[argyllcms] Re: Absolute light meter calibration?
- From: Richard Kirk <richard@xxxxxxxxxxxxxxxx>
- To: argyllcms@xxxxxxxxxxxxx
- Date: Fri, 14 Aug 2015 08:37:39 +0100
On 13 Aug 2015, at 17:43, Ben Goren <ben@xxxxxxxxxxxxxxxx> wrote:
Unless I'm missing something, emissivity would have to be related to spectrum
and thus influence the spectral power distribution of the radiant flux.
Again, it's all gotta come out in the wash, so something that isn't very
emissive at visible wavelengths is going to have to be even more emissive at
other wavelengths.
I am on holiday, so this is going to be a bit sketchy. Anyhow, if I was at work
I doubt if my lab books would be much help. But, I have remembered a bit more,
so here is a quick overview on emissivity...
Suppose you have a large furnace at a constant temperature. It will be a cavity
filled with photons, with each waveband in dynamic equilibrium. The emissivity
is a measure of the probability of a photon being absorbed at a surface
(varying with material, temperature, angle of surface, and wavelength). If you
have equilibrium, then the emissivity will also be probability of a photon
being emitted at the same surface, or things wouldn't balance.
Suppose, now, you make a hole in the side of this furnace. It is a small hole
so you don't disturb the equilibrium significantly. You will see the same
spectrum wherever you look: the surfaces with low emissivity will be putting
out less light, but will be reflecting more, so everything looks the same.
Standard light sources looked like this up until about the 1970's - you would
have a big, hot chamber and a tiny window to let a small amount of the standard
light out. This is why you can't get them on e-bay.

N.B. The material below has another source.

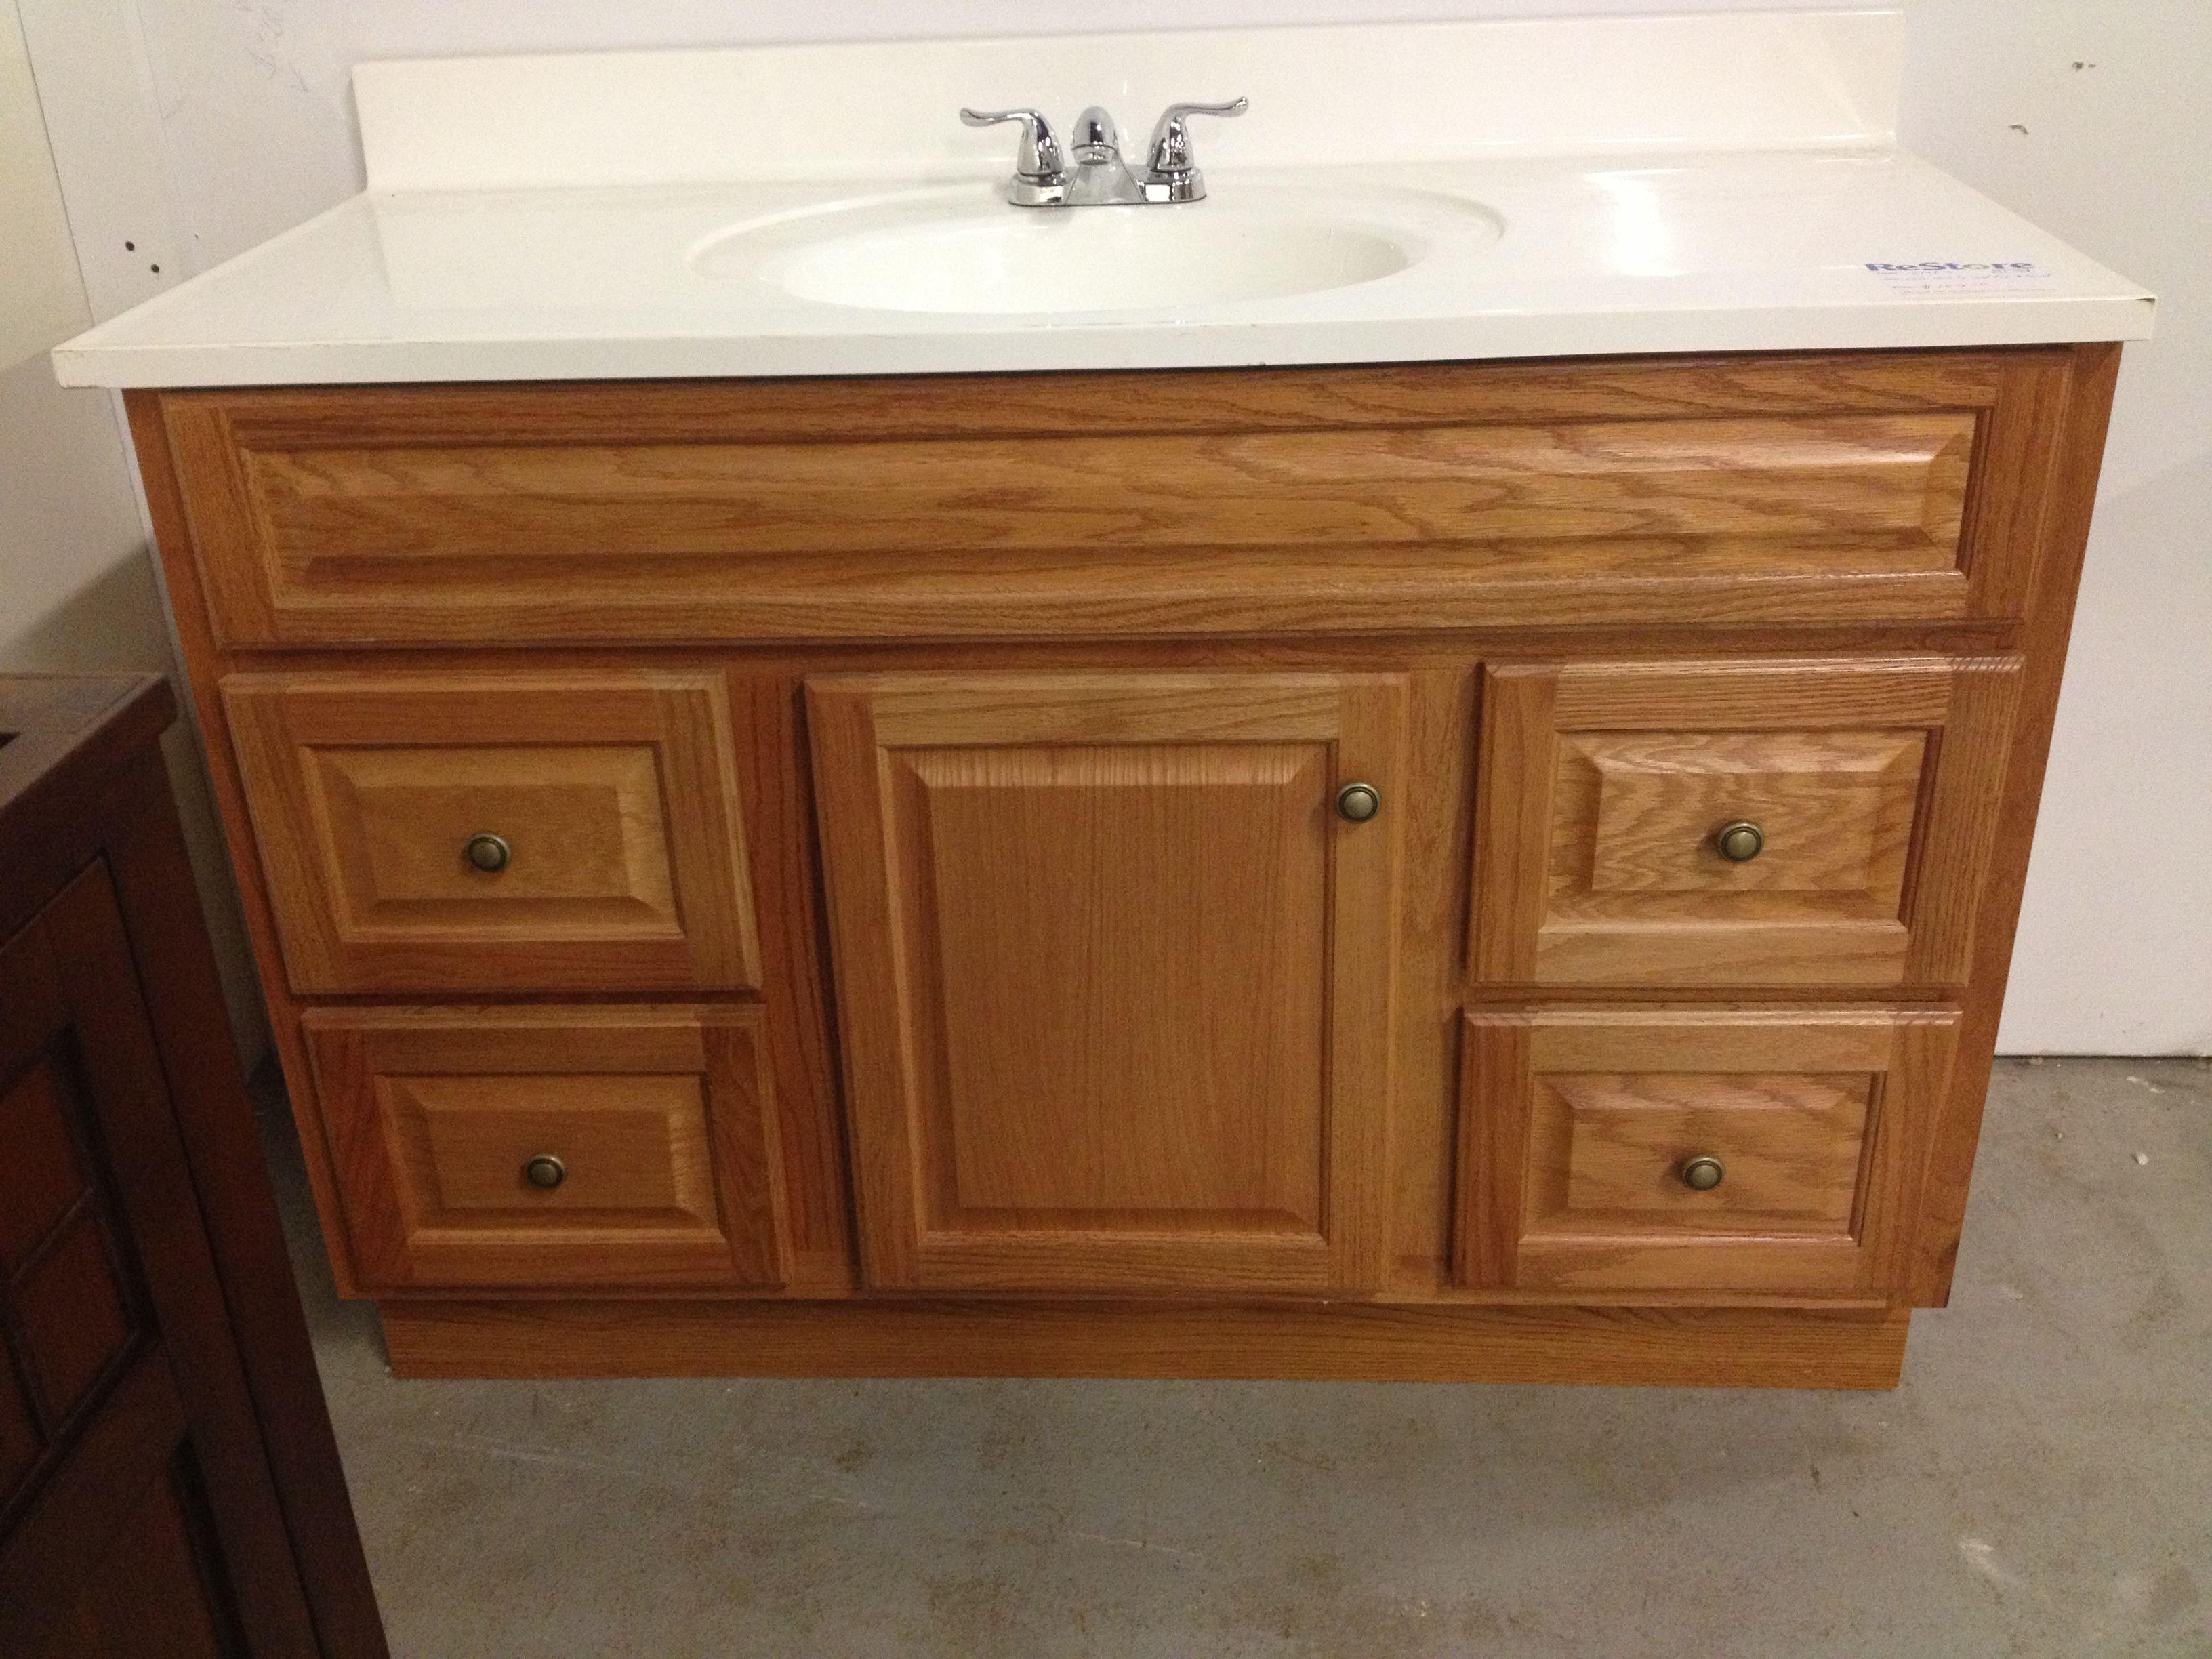 oak bathroom vanity hfhcfc habitat restore in stratford pinterest

A lightbulb is the reverse of this situation: you have a very exposed hot
element that is far from equilibrium. However, you then have something called
the 'grey-body' approximation, that the emission spectrum is often much the
same. This fits our experience - things always seem to glow the same colours.
At this point, I have departed from the 'absolute light meter calibration'
because I am depending on other experiments to prove that the 'grey-body'
approximation holds for tungsten filaments, but it does. For example, have a
look at...
http://pyrometry.com/farassociates_tungstenfilaments.pdf
So, we can reasonably assume that the energy put into a tungsten filament comes
out as a blackbody-like curve. However, can we suppose the approximation holds
when integrated over the long infra-red tail of the emission curve? Well, we
can correct for this by taking measurements at two different filament
temperatures. Have a look at the top log-log plot in...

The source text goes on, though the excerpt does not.